The WHO End TB Strategy calls for early diagnosis of TB for all individuals with presumptive TB and universal access to drug susceptibility testing (DST) for those diagnosed. Highly accurate, accessible, cost-effective and impactful diagnostic tests are essential for achieving these goals. To support advances in TB diagnostic testing, the WHO Global Programme on TB & Lung Health publishes target product profiles (TPPs) to inform development of new testing products, provides guidance on how to generate evidence on the effectiveness of developed technologies, and then assesses evidence on the use of new testing strategies, sample types and technologies that align with global priorities.
Evidence is now emerging on the effectiveness of (1) new near point-of-care (NPOC) molecular tests for the diagnosis of TB that differ from other WHO-recommended diagnostics in their level of complexity, robustness, and intended settings of use, (2) new easy-to-collect sample types (i.e., tongue swabs) with potential to expand access to testing services, and (3) a novel testing strategy (i.e., pooling of respiratory samples for low-complexity automated nucleic acid amplification testing) that could increase testing capacity without the need for additional tests, reduce program costs, and speed time to results by reducing testing volumes.
In response, WHO is issuing a public call for data, appealing to national TB programmes, implementers, industry, researchers, and other stakeholders to provide evidence that could address the following research questions:
· Can near point-of-care nucleic acid amplification technologies (NPOC-NAATs) be used on respiratory samples[1] for the initial diagnosis of TB?
· Can near point-of-care nucleic acid amplification technologies (NPOC-NAATs) be used on tongue swabs for the initial diagnosis of TB?
· Can low-complexity automated nucleic acid amplification tests (LC-aNAATs) be used on tongue swabs for the initial diagnosis of TB and rifampicin resistance?
· Can low-complexity automated nucleic acid amplification tests (LC-aNAATs) be used on pooled respiratory samples for the initial diagnosis of TB and rifampicin resistance?

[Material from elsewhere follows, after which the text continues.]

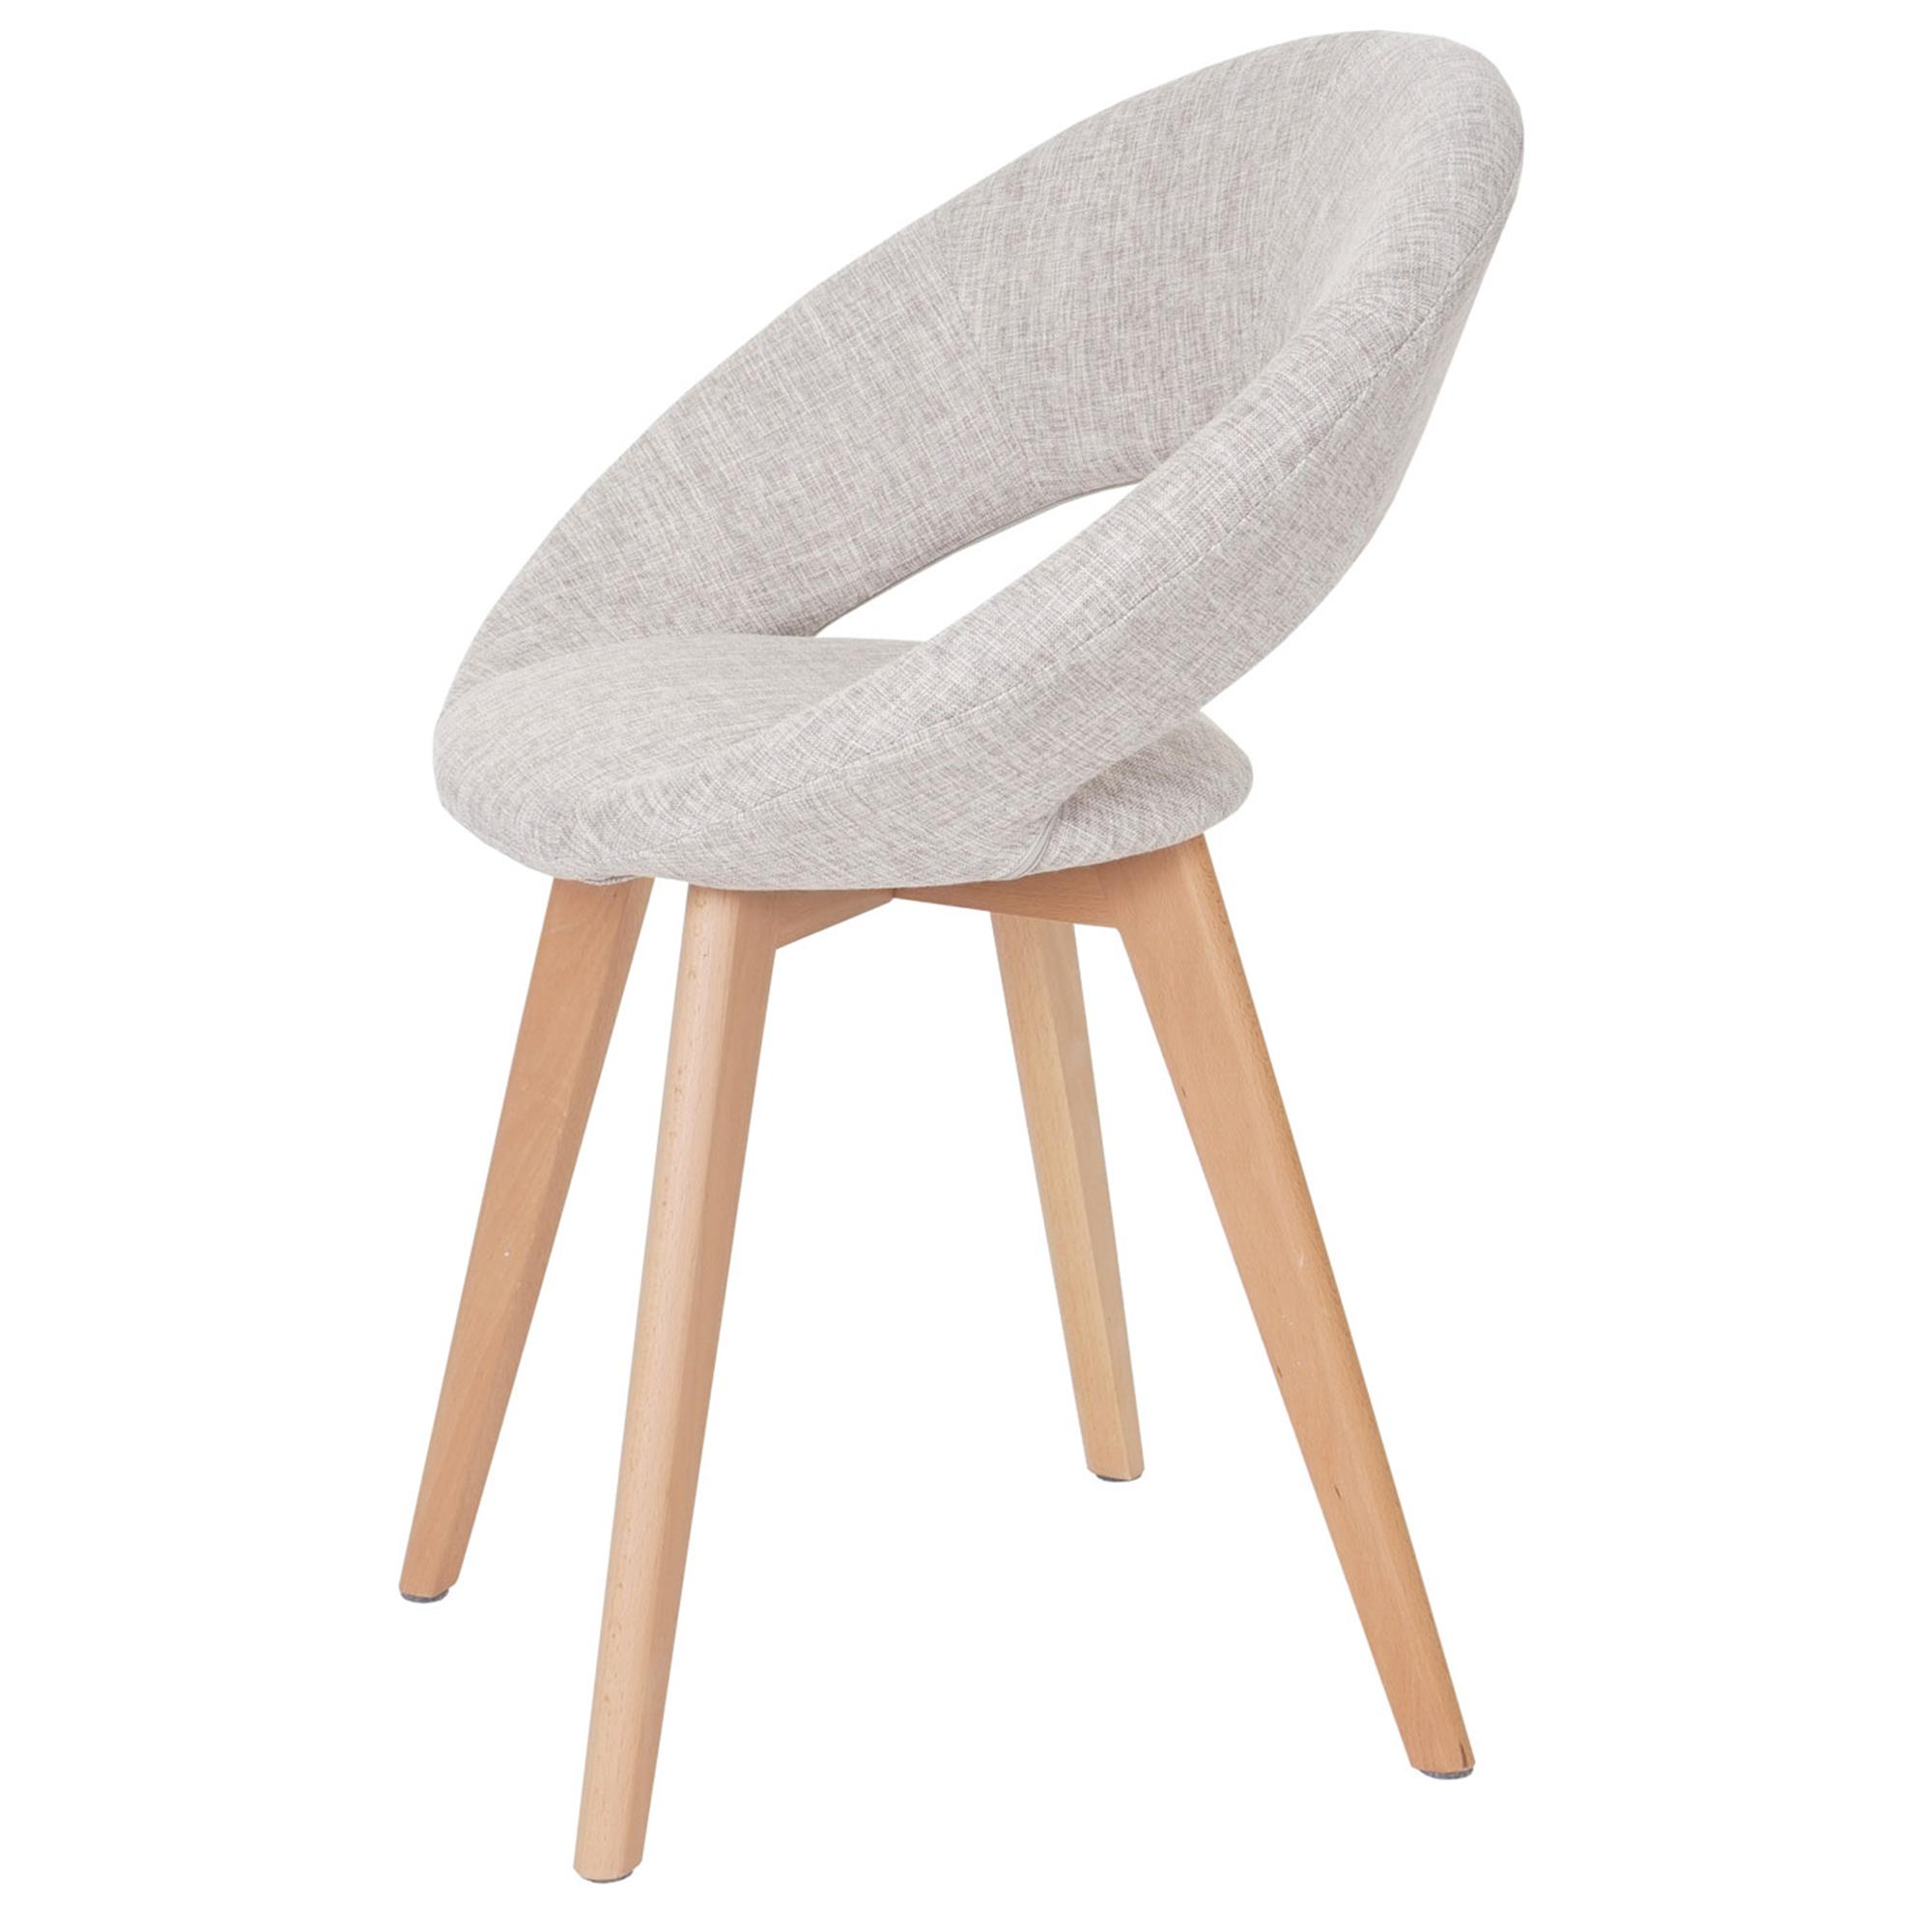 Silla de comedor vedri dise o retro en tela crema silla for Sillas para comedor tapizadas en tela

Finally, quality data is requested on the use of design-locked and marketed diagnostic technologies with the specified sample types for the detection of pulmonary and extra-pulmonary TB. For more information on the defining characteristics of TB NPOC-NAATs see Annex 1. Data may address patient-important outcomes, diagnostic accuracy, feasibility, acceptability, and cost-effectiveness of the interventions outlined in the research questions above. To review research question Populations, Interventions, Comparisons, and Outcomes (PICOs) that may guide data suitability and preparation efforts see Annex 2. Further, for parameters on economic, acceptability, and feasibility data see Annex 3.
All data will be essential to facilitate the process of WHO policy updates scheduled for November 2025. Please send relevant data by 15th July 2025 to Alexei Korobitsyn at korobitsyna@who.int.
[1] For adults respiratory samples include sputum, bronchoalveolar lavage, and induced sputum. For children respiratory samples include sputum, bronchoalveolar lavage, induced sputum, nasopharyngeal aspirates, and gastric aspirates.